|The residential property market at present is a bit like a marathon, according to a lead article in the August edition of the Intellectual Property magazine.|
The early leader, Cape Town is beginning to falter as it hits an uphill stretch; Gauteng is pacing itself in middle place, while previously unfancied outsiders KwaZulu-Natal and the Eastern Cape have surged to the front from a poor start and are showing surprising stamina.
Generally speaking, says Pam Golding Properties chief executive Dr Andrew Golding in the article, the market has come off the boil – more so in some areas, hardly noticeable in others. “Let’s face the fact that 2004 was an extraordinary year for property, with year-on-year average growth of 28,04 percent, reaching over 35 percent in some areas. We are definitely not gong to experience this again in 2005.”
“Nevertheless,” says Dr Golding, “average house price growth for the year up till May this year was 24 percent, indicating that considerable impetus was carried over from the previous bumper year.”
From a regional perspective, Durban and Cape Town registered higher growth than Johannesburg and Pretoria during 2004, while metro growth was greater than non-metro. Port Elizabeth and East London streaked ahead, admittedly from a depressed base, to rival Durban and Cape Town.
So what lies ahead? Standard Bank’s new Residential Property Gauge, according to the article, forecasts residential property price growth of between 18 to 25 percent for this year, but Golding is a mite more cautious.
“We at PGP estimate across the board house price growth for 2005 of 15 percent. Obviously price increases will vary from region to region depending on a combination of factors.”
These include the recent unprecedented price boom, the reduction in pent up demand after several years of brisk buying, and the now fading impact of previous interest rate cuts.
“Scarcity of land in urban centres is also a contributing factor in price growth, particularly in Cape Town where house prices have outstripped building costs. Another interesting factor is that existing house prices are growing at nearly double the rate of en house prices.”
Buyers and sellers need to get the residential property market into perspective, urges Golding. “It is unlikely that we will see 30 percent to 40 percent price growth in the short term, so house-seekers and investors must realise that even a 15 percent growth factor is very comfortable. After all, at that rate you double your money in five years.”
Overall, Golding doesn’t agree that this is a buyers’ market, as some industry commentators suggest. “Simply put, buyers are more discerning and sellers are more realistic. But sales activity is still high and showhouse attendance remains good, so the interest in property is still there.”
Golding points to seasonal factors affecting the market, particularly in the Western Cape. “The Cape Town market has always had a seasonal slump, and the current winter is not only early, it’s probably the wettest and coldest for around five years. The Garden Route too is always seasonable; in fact, most non-metropolitan coastal towns are quiet.”
The group’s Gauteng offices report that the market has flattened, although seller expectations are still high. New building is still strong and there is a shortage of up-market stock. Pretoria prices are still increasing as is sales volume, but this to some extent is artificially affected by sales to diplomats and foreign companies.
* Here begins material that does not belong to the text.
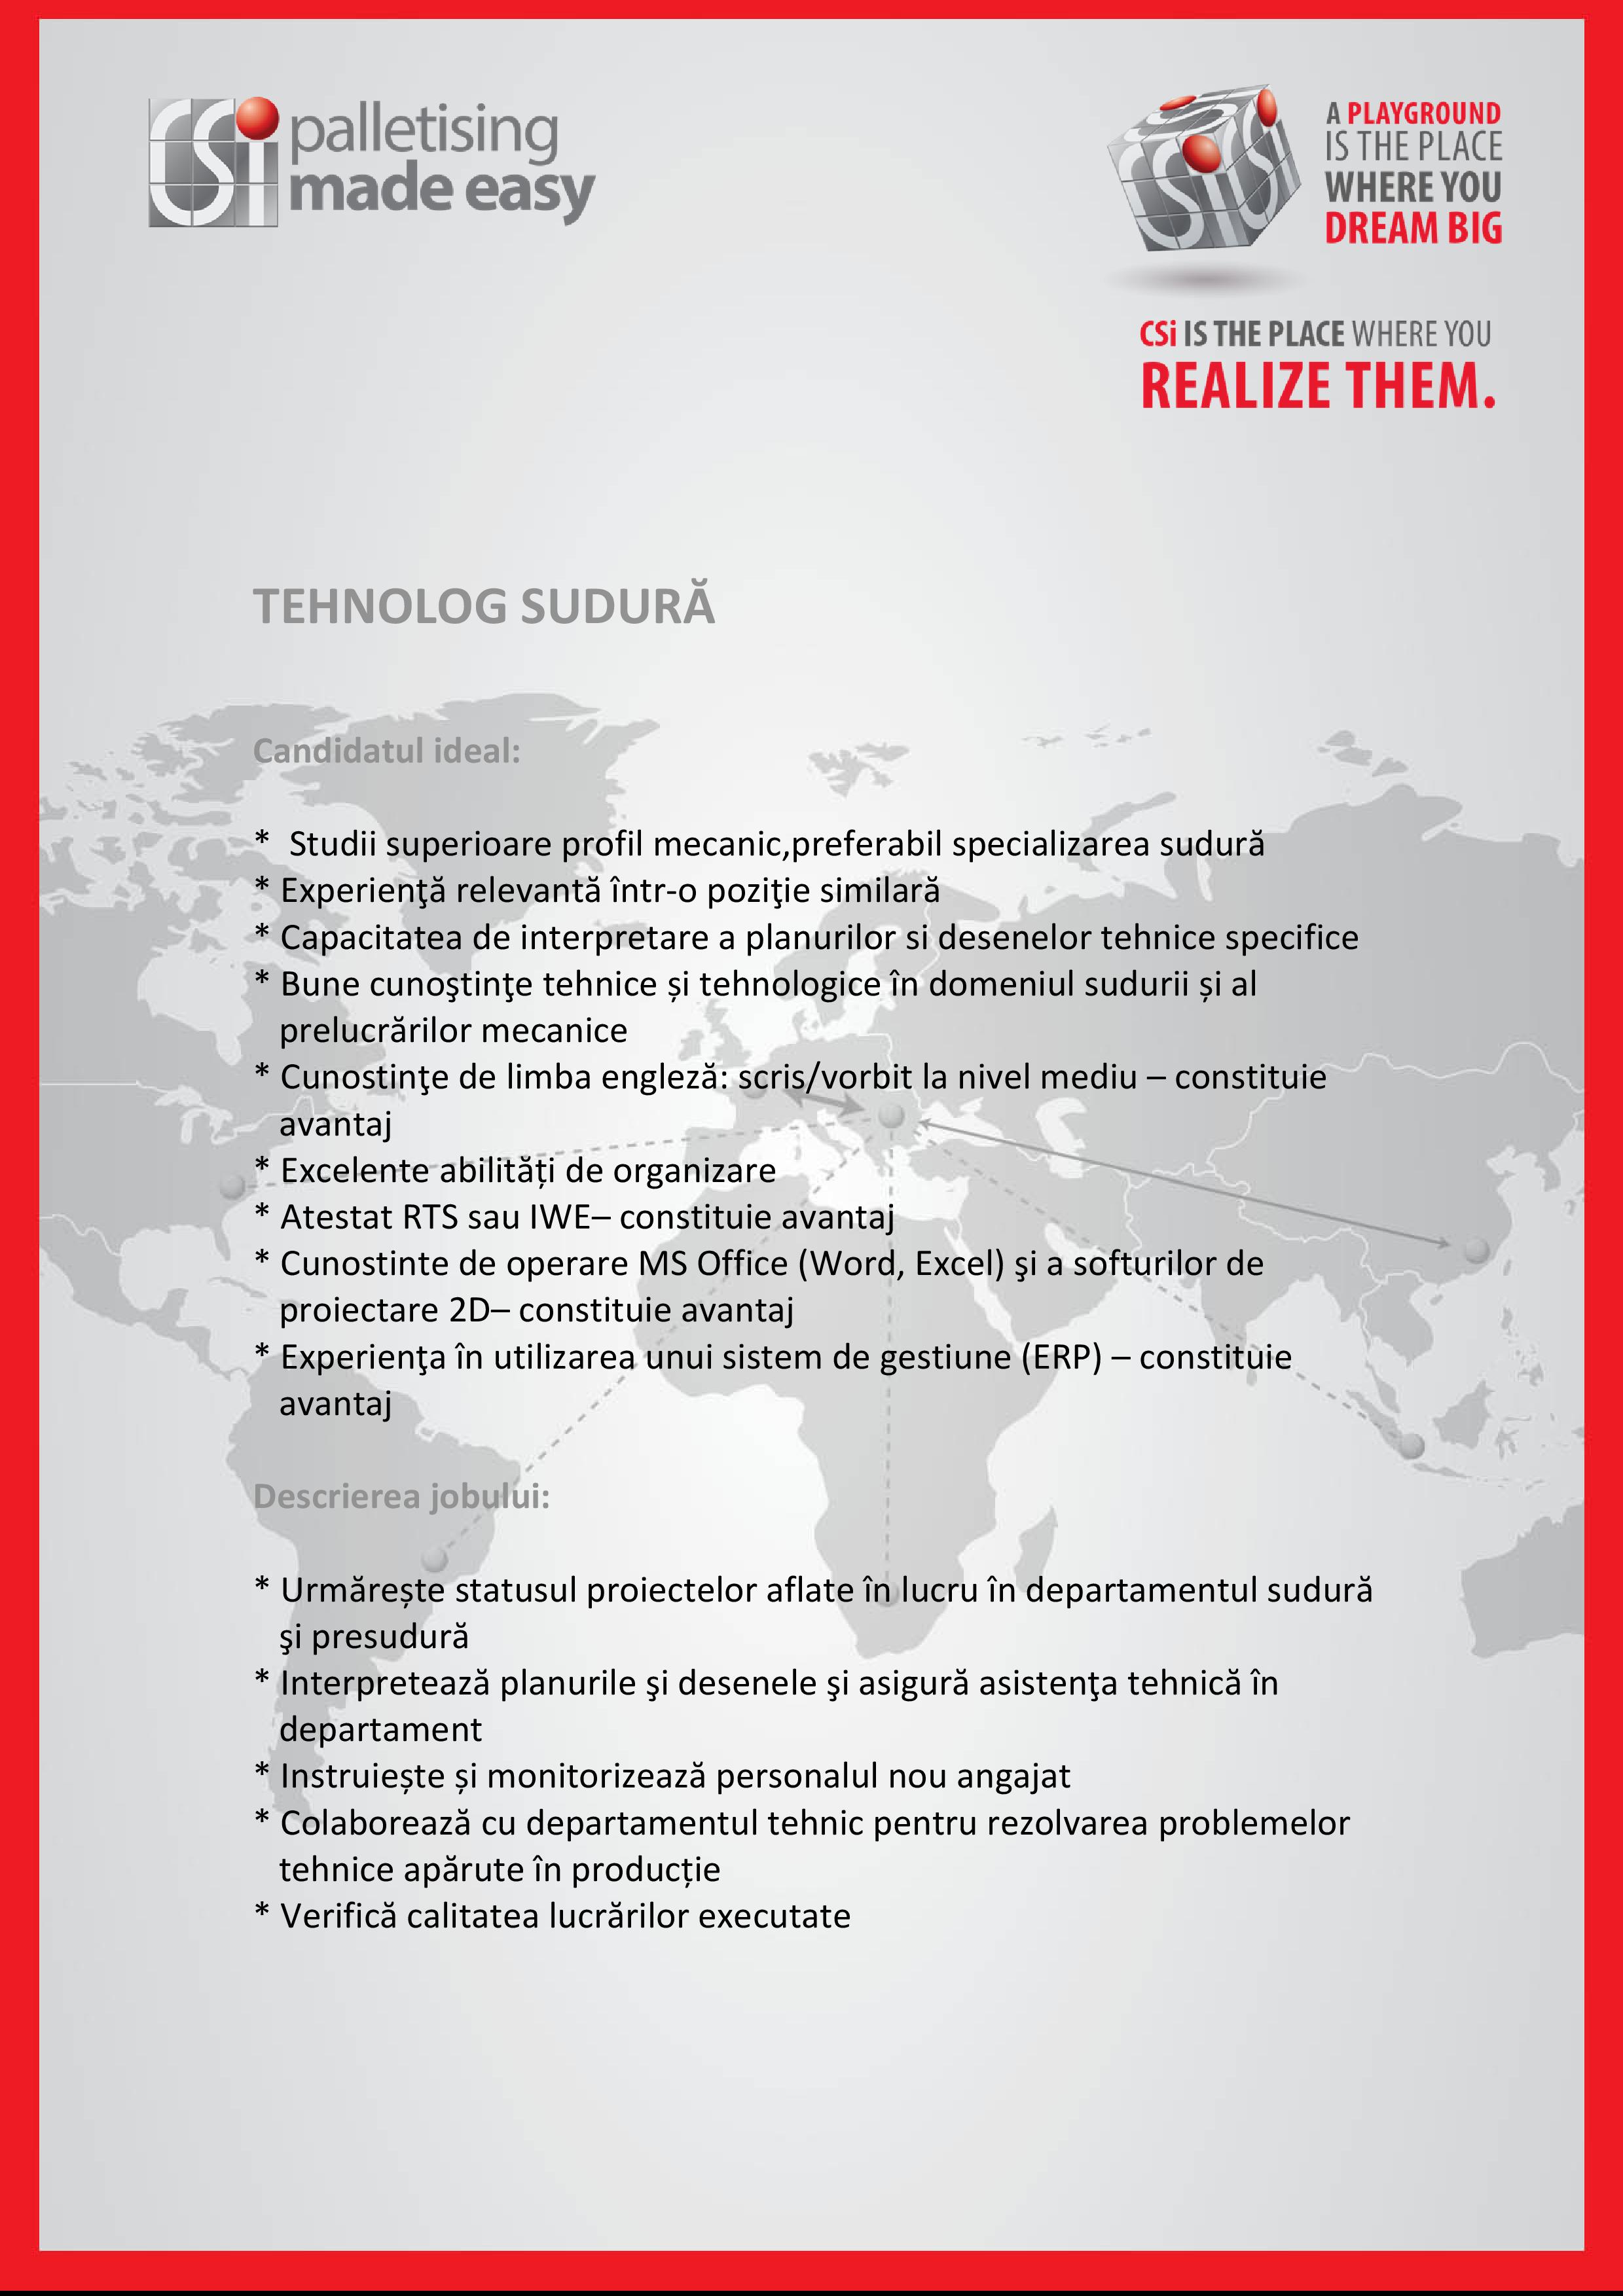 CSi layout ad angajare tehnolog sudura (2)

Although published statistics indicate that the top end of the housing market is not performing as well as the middle-to-lower segments (which is understandable), Golding points out in the article that the luxury market continues to compete on an international stage and that foreign investors compare SA prices favourably. “There is over-demand and under-supply in the luxury market, which constitutes some 10 percent of our sales at the top end, and less than one percent overall.
If one takes our recent highest sale price for a luxury Atlantic Seaboard apartment, it is still one third off the price per square metre of a comparable flat in London’s Knightsbridge.”
Golding, meanwhile, points out that the overall housing market has a relatively new and interesting player – the emerging black middle class, strongest in the Gauteng region.
Standard Bank statistics show that the black population accounts for 45 percent of total consumer spending and that the propensity to consume is above average, and growing.
However, BER figures show that black people spend 13 percent of their total income on housing and electricity, while the white population segment spends 19,8 percent of total household income.
“There are serious opportunities for real estate professionals, as the black emerging middle class starts to catch up,” says Golding. “This in itself will have a profound impact on the property market.”